Work instructions
Retype the data below exactly; skip every image.

Information shown

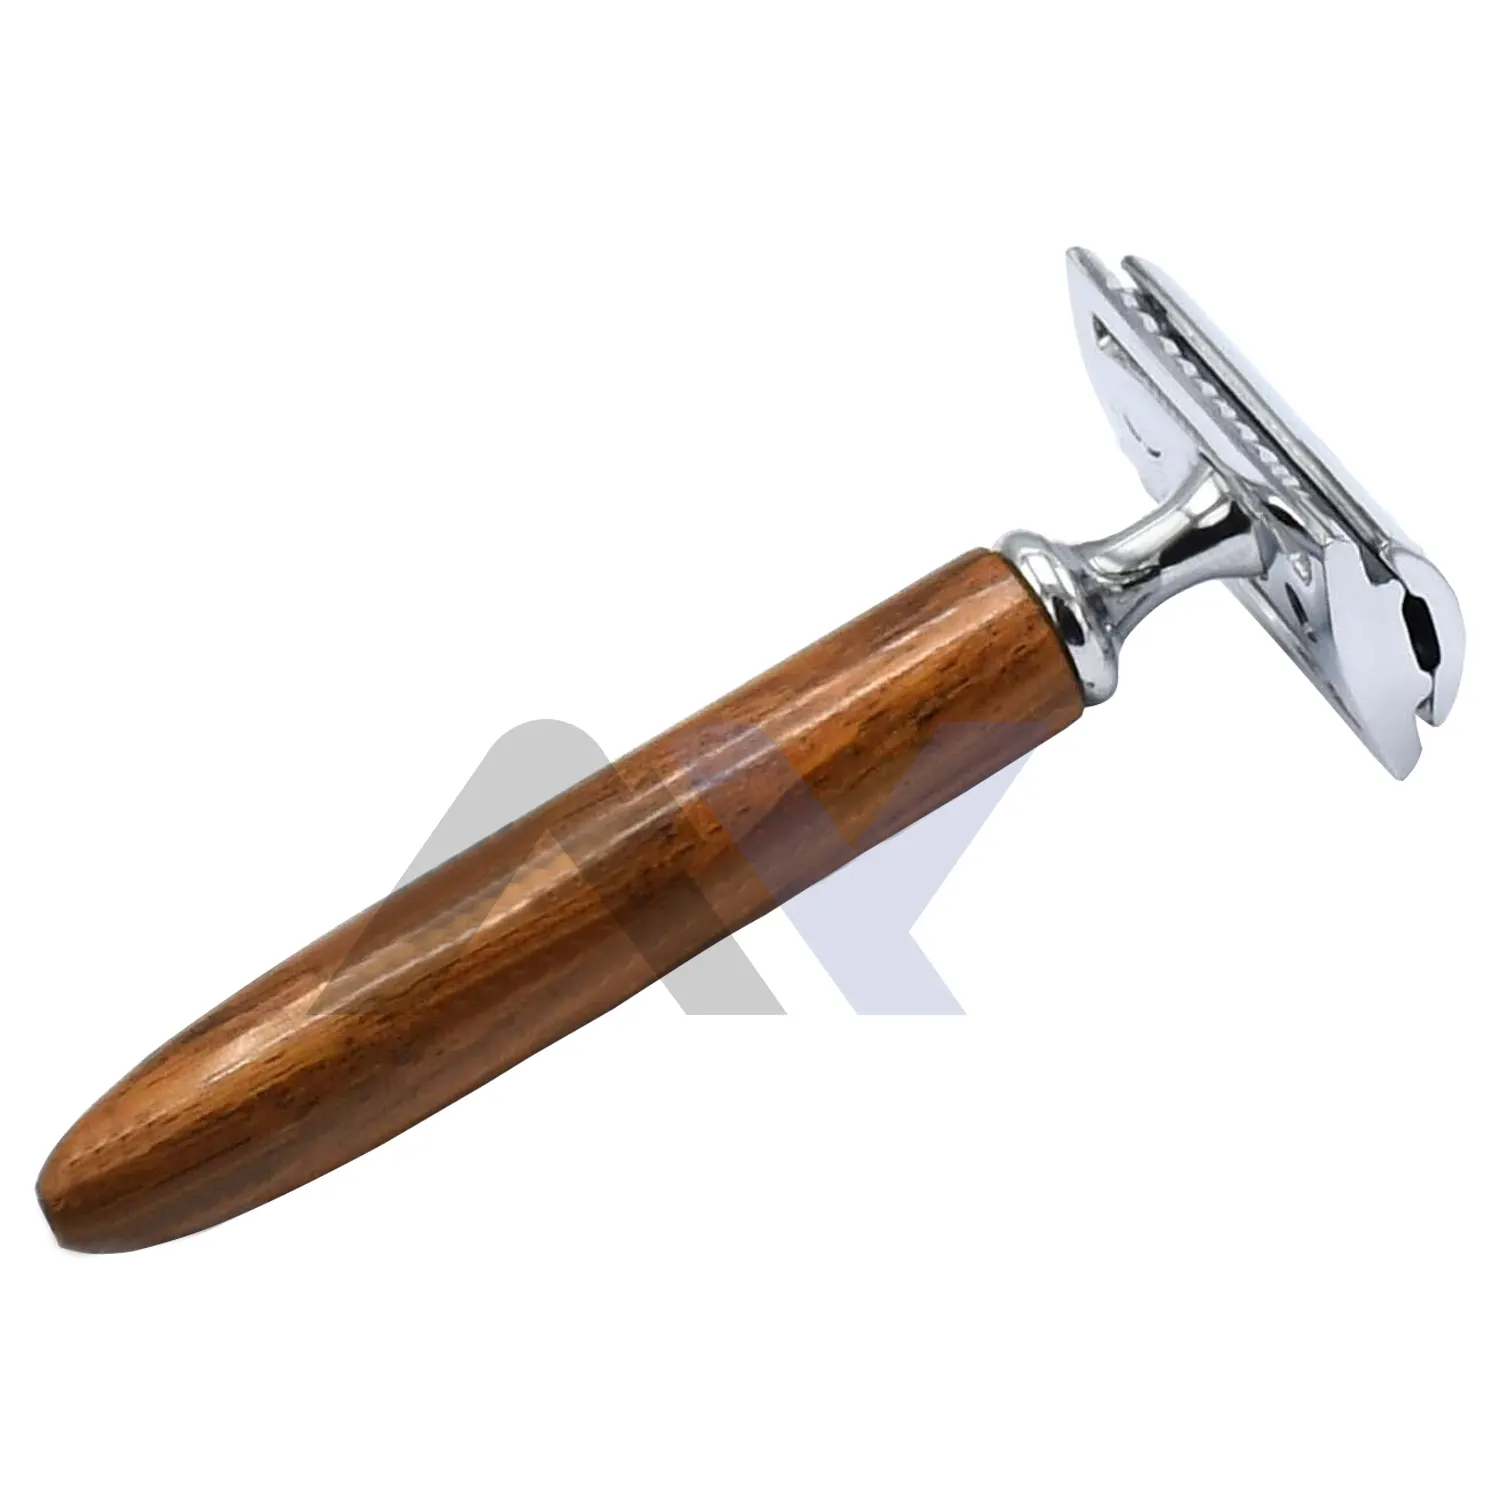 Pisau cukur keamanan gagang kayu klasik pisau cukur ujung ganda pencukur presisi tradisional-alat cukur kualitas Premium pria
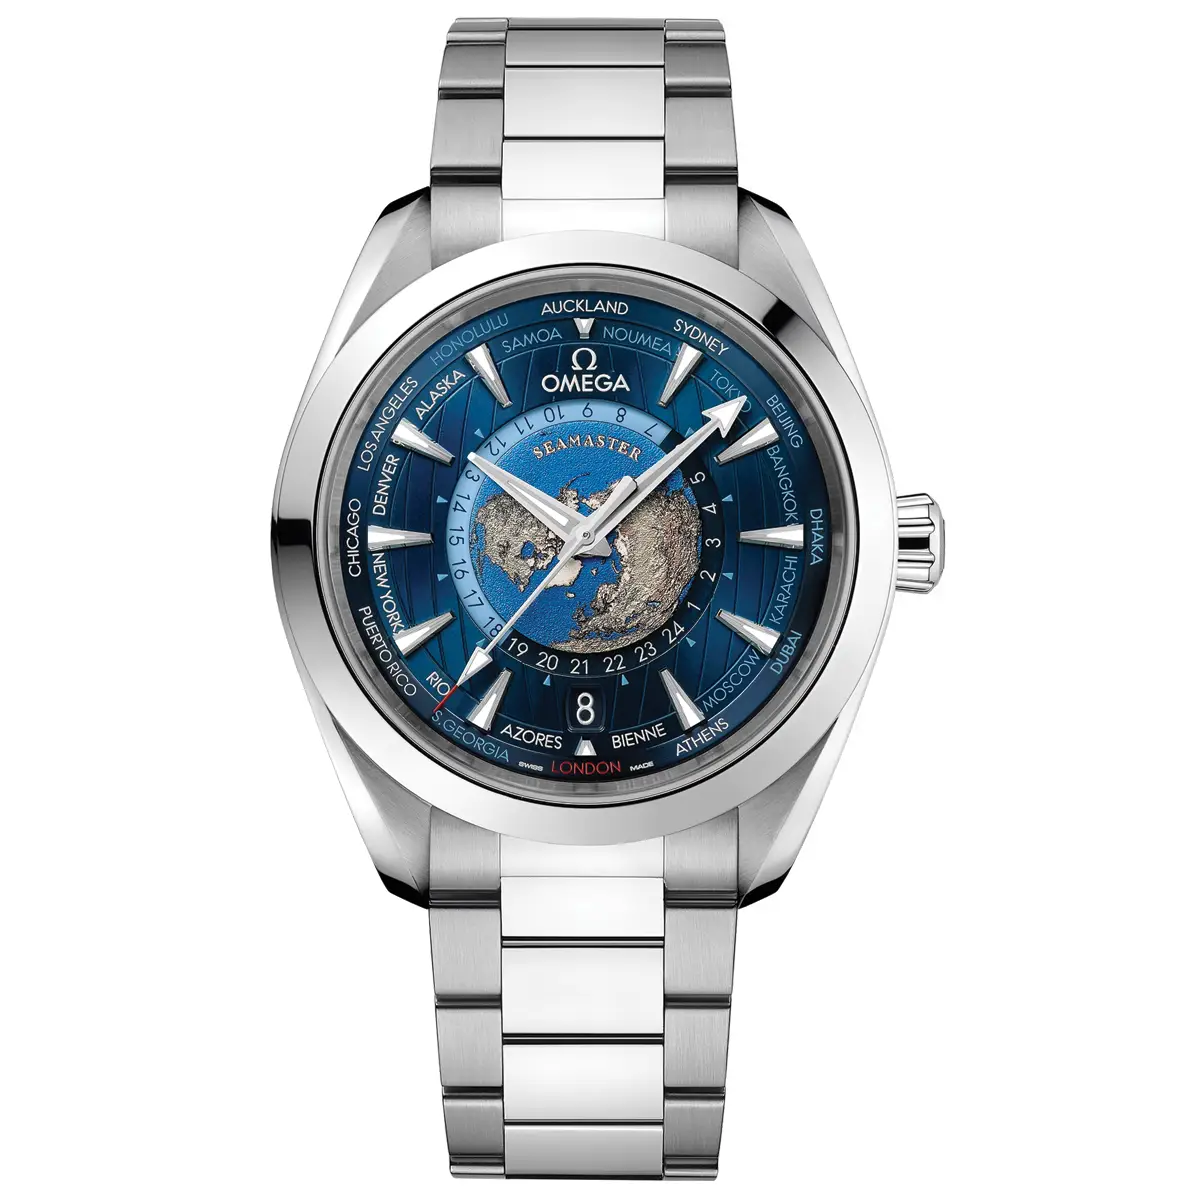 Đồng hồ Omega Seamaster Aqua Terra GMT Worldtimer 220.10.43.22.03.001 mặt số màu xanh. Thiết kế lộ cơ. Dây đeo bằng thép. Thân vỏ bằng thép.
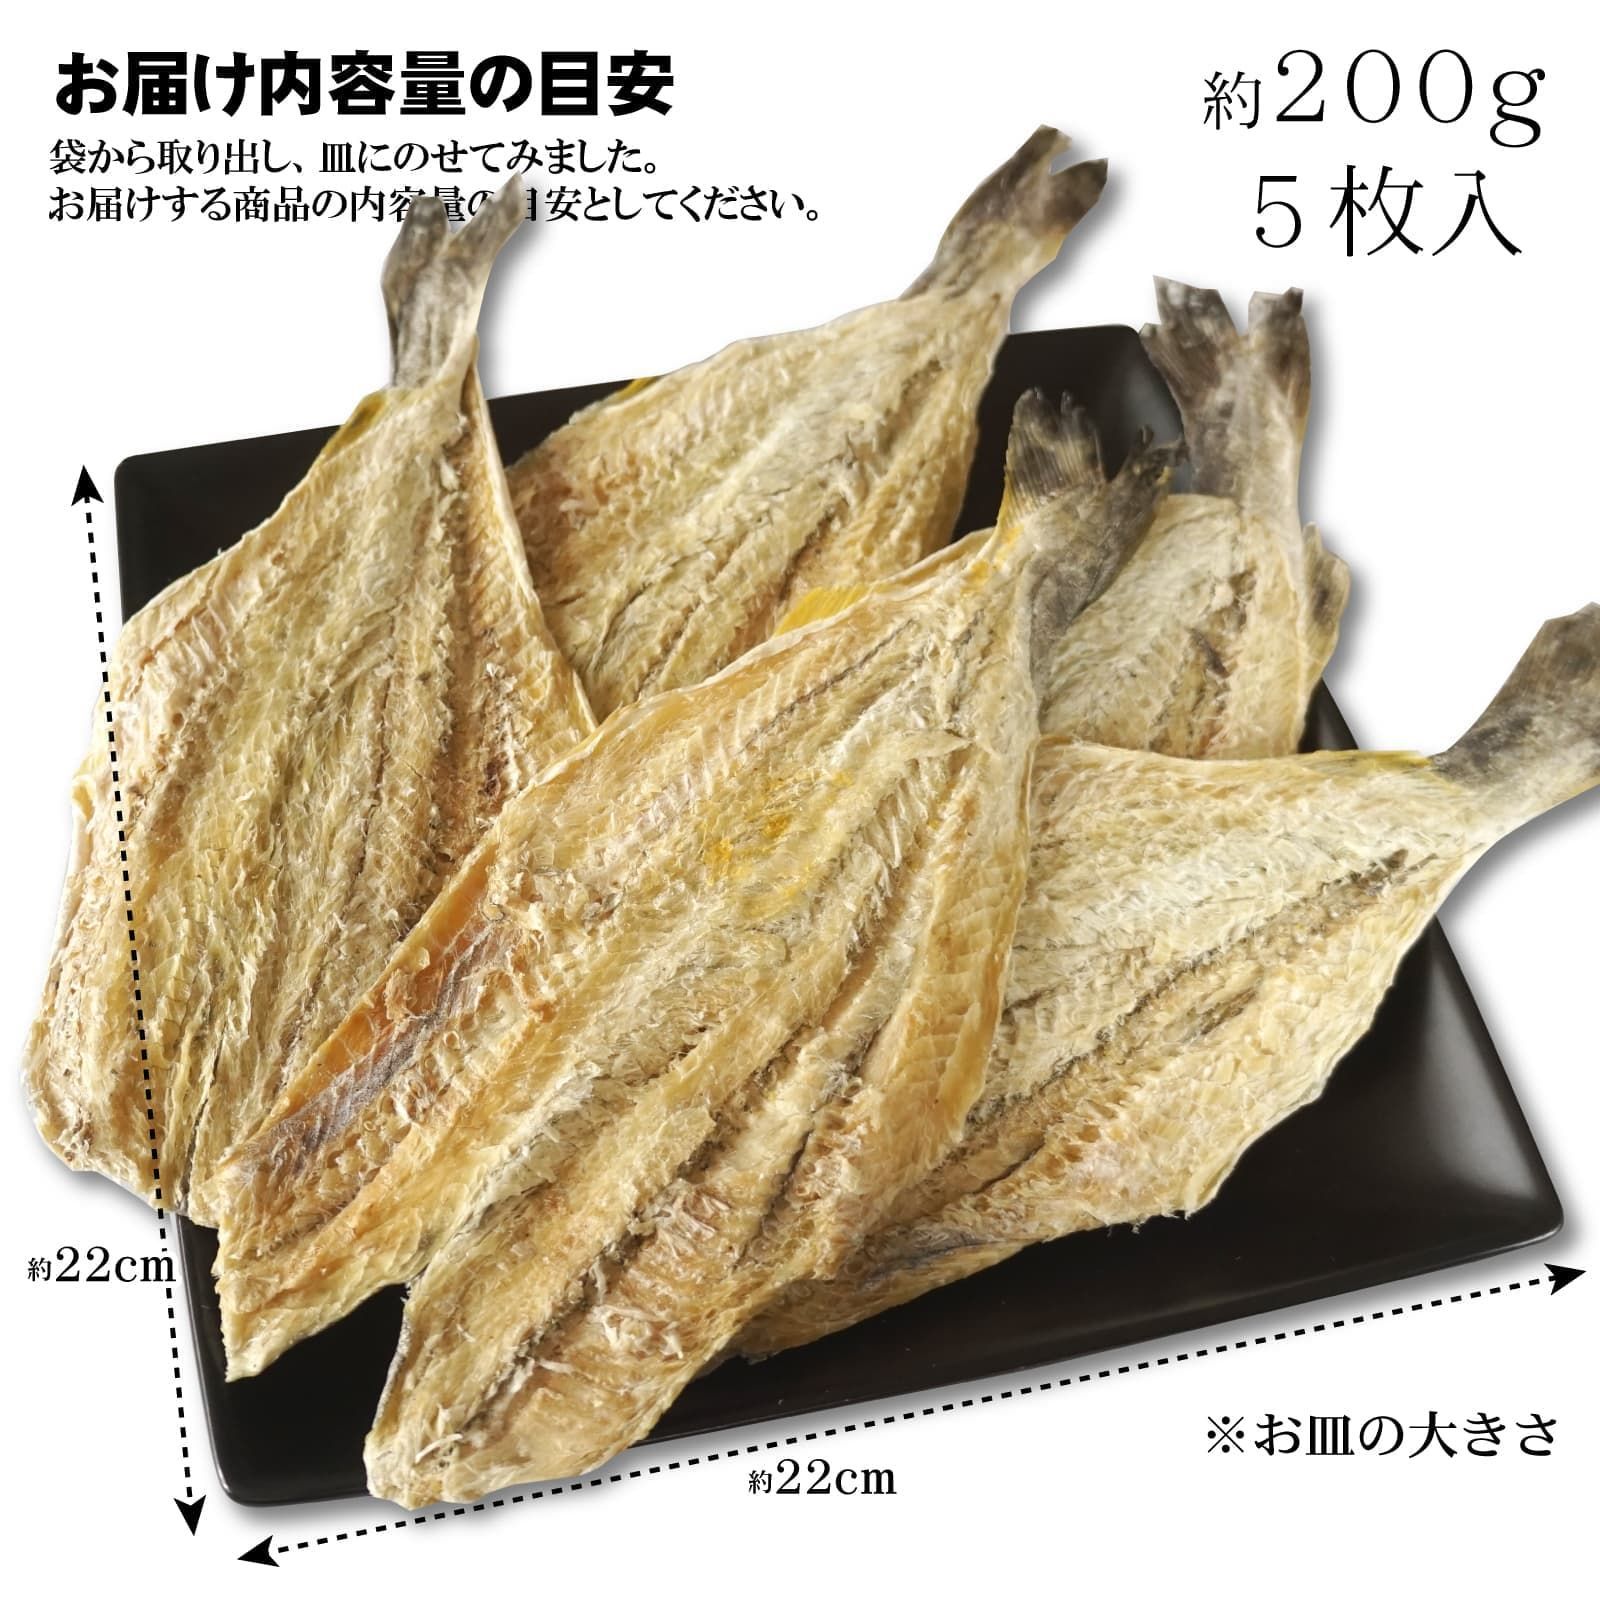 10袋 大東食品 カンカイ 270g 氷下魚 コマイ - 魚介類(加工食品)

Exercise output
 Pisau cukur keamanan gagang kayu klasik pisau cukur ujung ganda pencukur presisi tradisional-alat cukur kualitas Premium pria
 Đồng hồ Omega Seamaster Aqua Terra GMT Worldtimer 220.10.43.22.03.001 mặt số màu xanh. Thiết kế lộ cơ. Dây đeo bằng thép. Thân vỏ bằng thép.
 10袋 大東食品 カンカイ 270g 氷下魚 コマイ - 魚介類(加工食品)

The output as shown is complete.